PULMONOLOGY(A)

 A1.

Evolution of symptomatology and Event timeline-


  • 20 Years ago - SOB Grade1 for a week , occurred every year for the same duration
  • 18 Years ago- Polyuria and was diagnosed with DM
  • 12 Years ago - SOB Grade 1 for a month
  • 1 Month ago - Weakness was giving IV
  • 30 Days ago - SOB ( latest episode) gradually progressive
  • 20 Days ago - HRCT showed Bronchiectasis
  • 15 Days ago - Pedal edema and facial puffiness
  • 2 Days ago - SOB Grade 4 , drowsiness and  decreased urine output. 
Anatomical location of the problem is BRONCHIOLES.
Primary etiology is rice dust exposure as patient is a farmer working in paddy fields.

A2.
Augmentin - Amoxicillin + Clavulanic acid.

A3.
  • The pt. was started on antitubercular drugs even though she was tested negative for AFB. ATT includes drugs like ISONIAZIDE , RIFAMPACIN , ETHAMBUTOL , PYRAZINAMIDE AND STREPTOMYCIN .

  • ISONIAZIDE can cause side effect like hypersensitivity reaction. COPD is a also an allergic which might have exacerbated due to use of isoniazide.
A4.
YES, some drugs like isoniazide could could acute exacerbation of COPD thereby increasing the symptoms

A5.
  • Electrolyte imbalance is found among people with Copd, especially for people who are female, 60+ old, take medication Spiriva and have High blood pressure.( this pt. is also hypertensive).
  • Patients with COPD tend to retain sodium.
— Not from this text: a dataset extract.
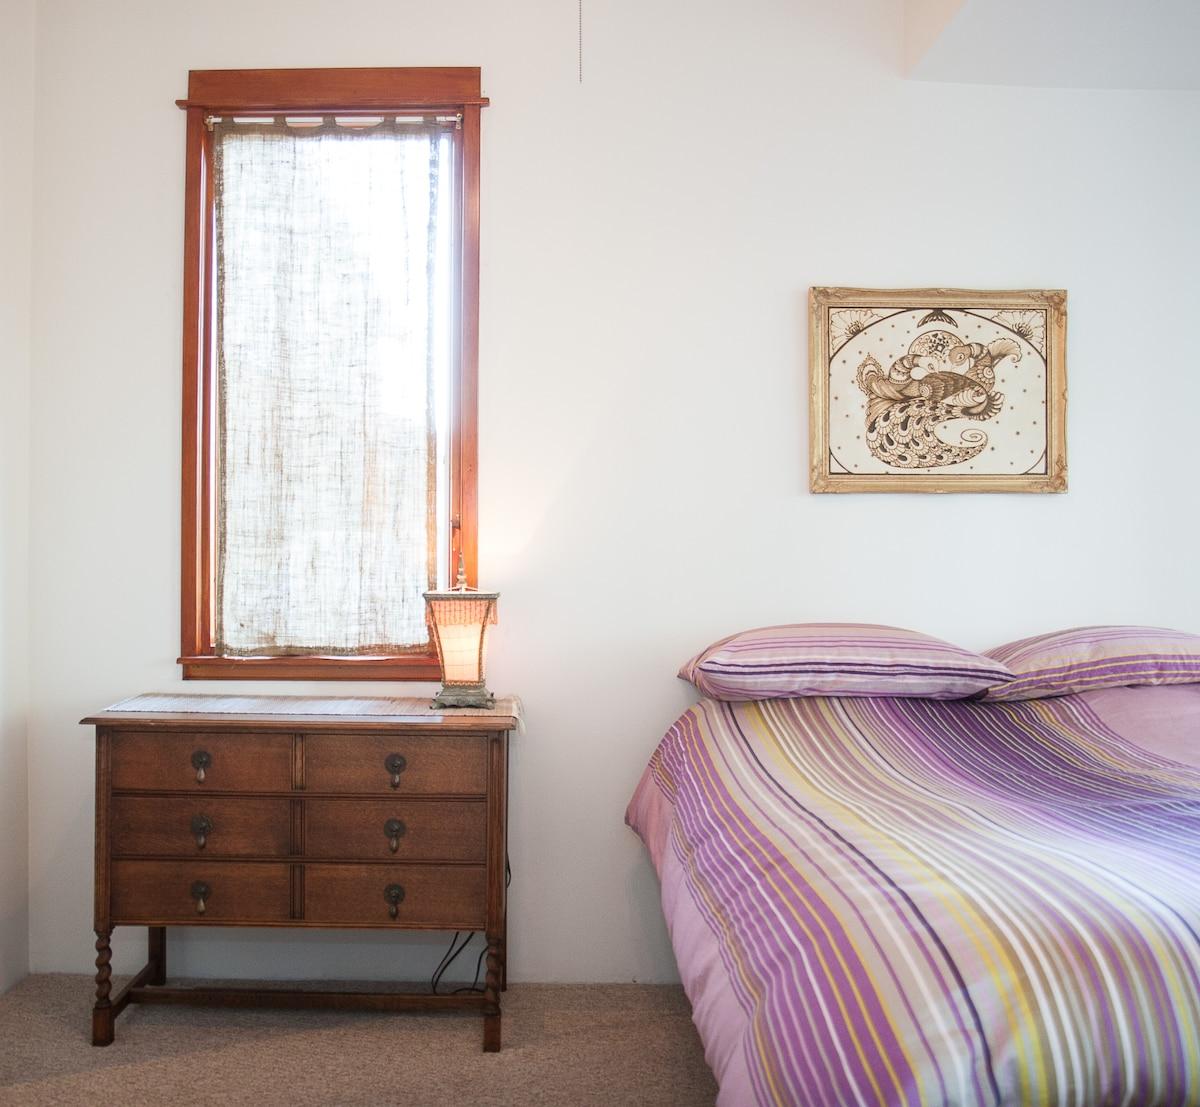 North window in the bedroom.

In addition, serum potassium should be monitored carefully, because diuretics, beta-adrenergic agonists, and theophylline act to lower potassium levels.
  • Beta-adrenergic agonists also increase renal excretion of serum calcium and magnesium, which may be important in the presence of hypokalemia.
  • Activation of the renin-angiotensin-aldosterone system and inappropriately elevated plasma arginine vasopressin in COPD may aggravate the electrolyte imbalance during acute exacerbation of COPD.